▸ **ASSIGNMENT**
Transcribe the entries below exactly, starting with the line that has "Farmhouse Reimagined Entertainment" and stopping after the line that has "Salad with vegetables, egg, tuna, potatoes, tomatoes, and"; no pictures belong in the copy.

MATERIAL FOR THIS TASK below:

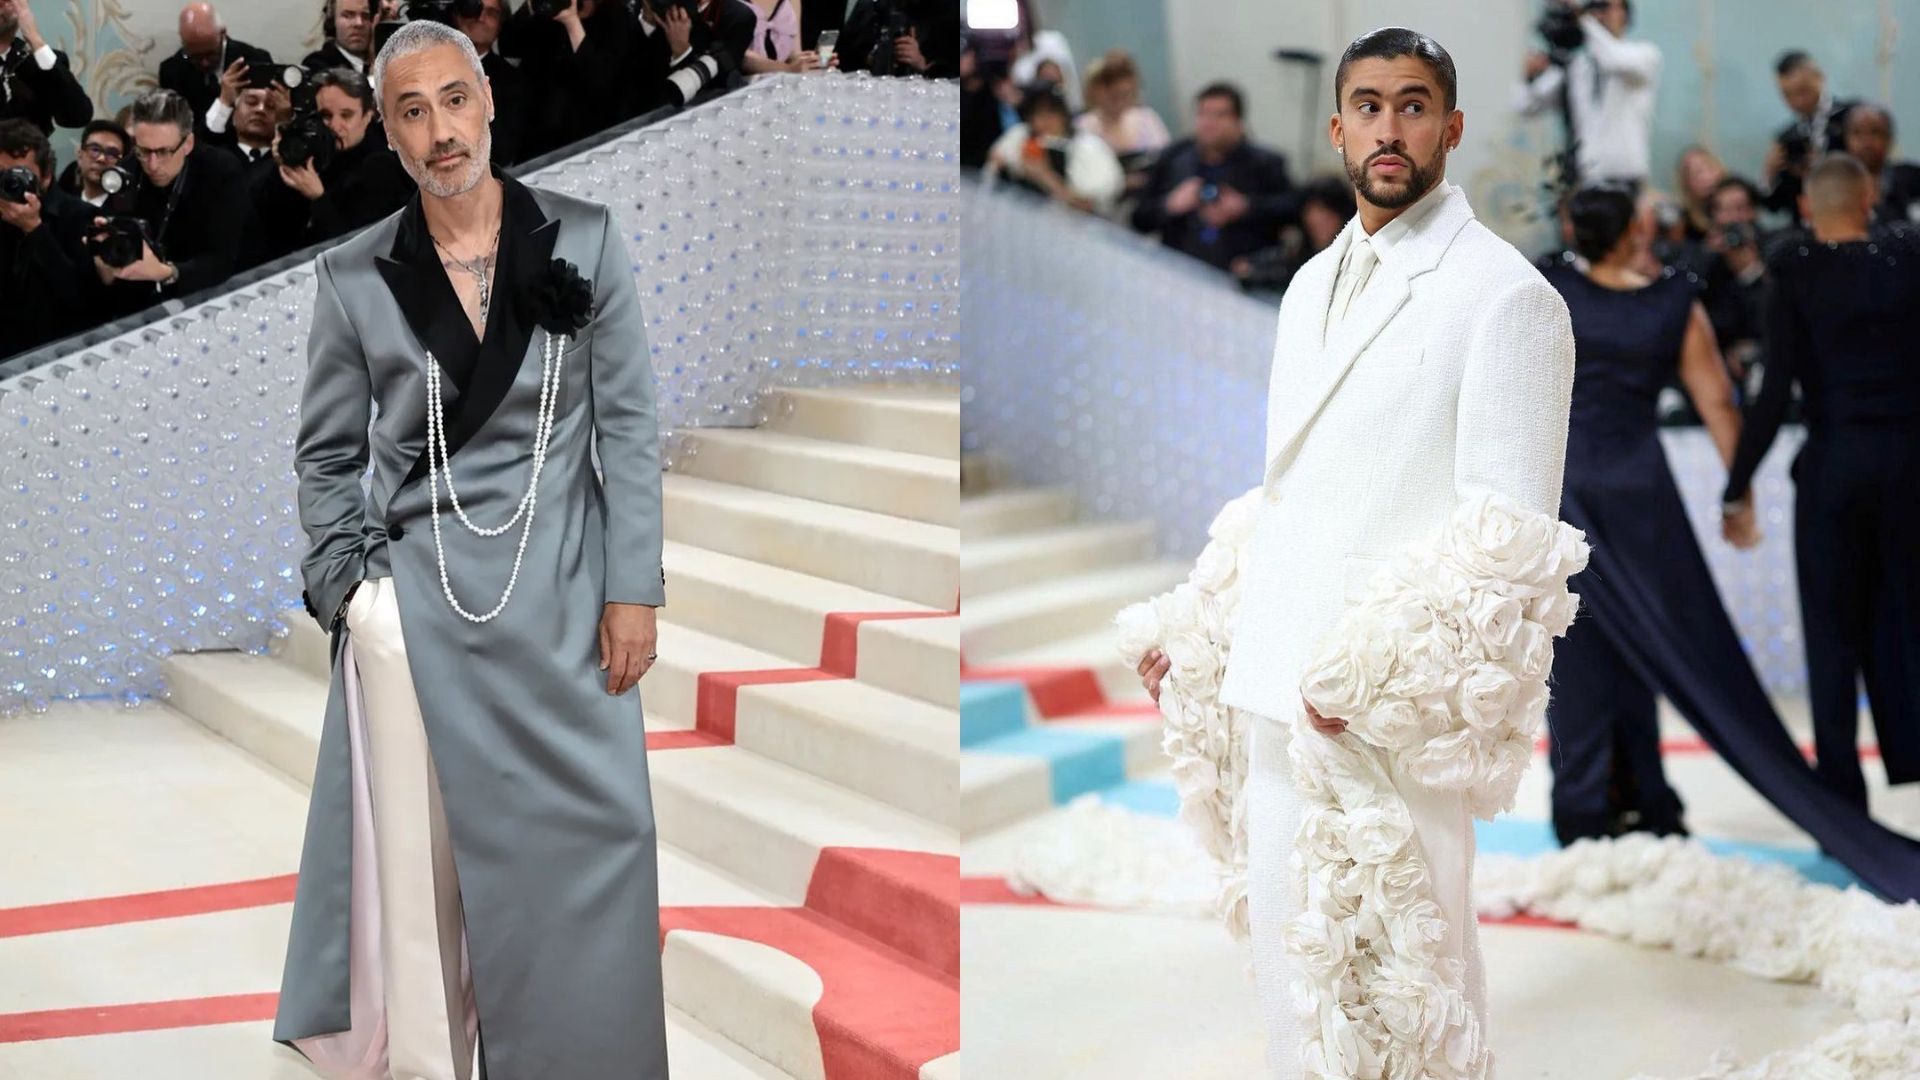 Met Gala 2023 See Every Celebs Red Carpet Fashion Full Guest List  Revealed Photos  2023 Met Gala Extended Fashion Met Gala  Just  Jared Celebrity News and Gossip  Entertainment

End of MATERIAL FOR THIS TASK.
MATERIAL FOR THIS TASK below:

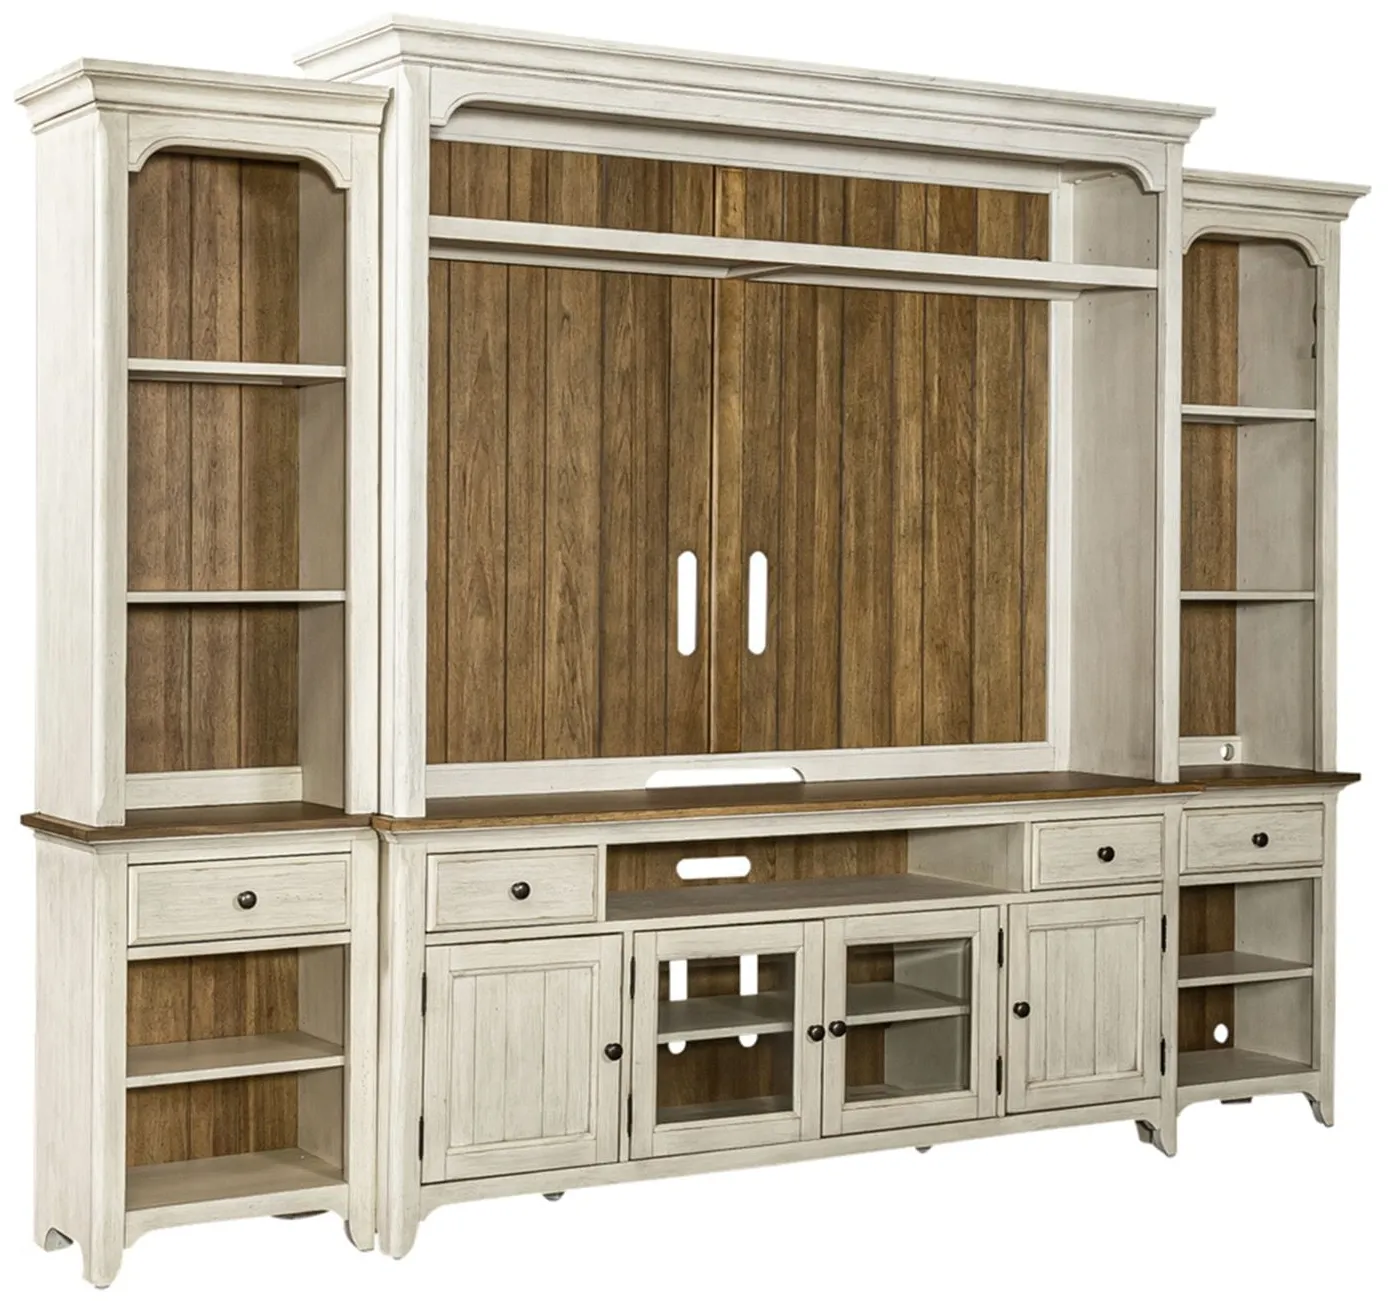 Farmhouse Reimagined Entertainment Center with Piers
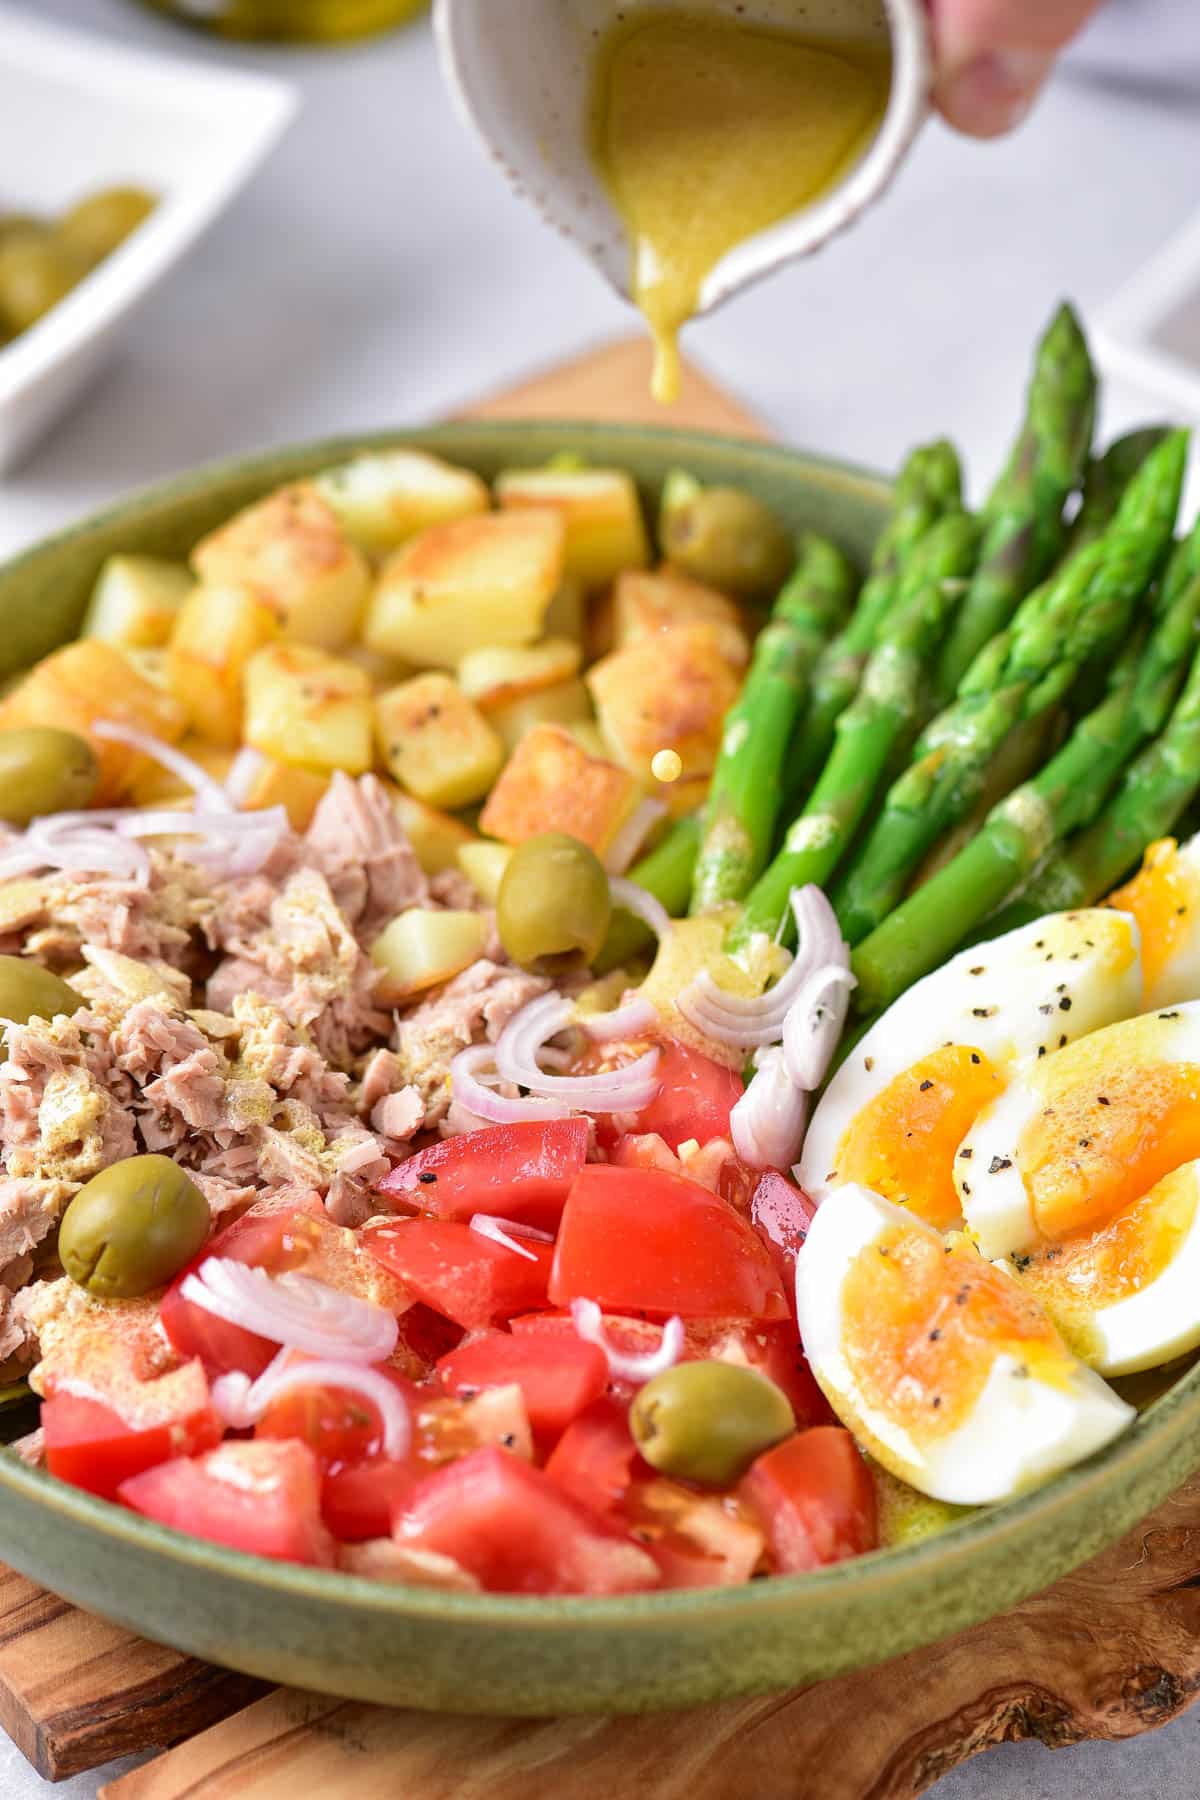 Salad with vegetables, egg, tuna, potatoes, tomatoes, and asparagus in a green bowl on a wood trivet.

End of MATERIAL FOR THIS TASK.

▸ **ANSWER FOR THE TASK**
 Farmhouse Reimagined Entertainment Center with Piers
 Salad with vegetables, egg, tuna, potatoes, tomatoes, and asparagus in a green bowl on a wood trivet.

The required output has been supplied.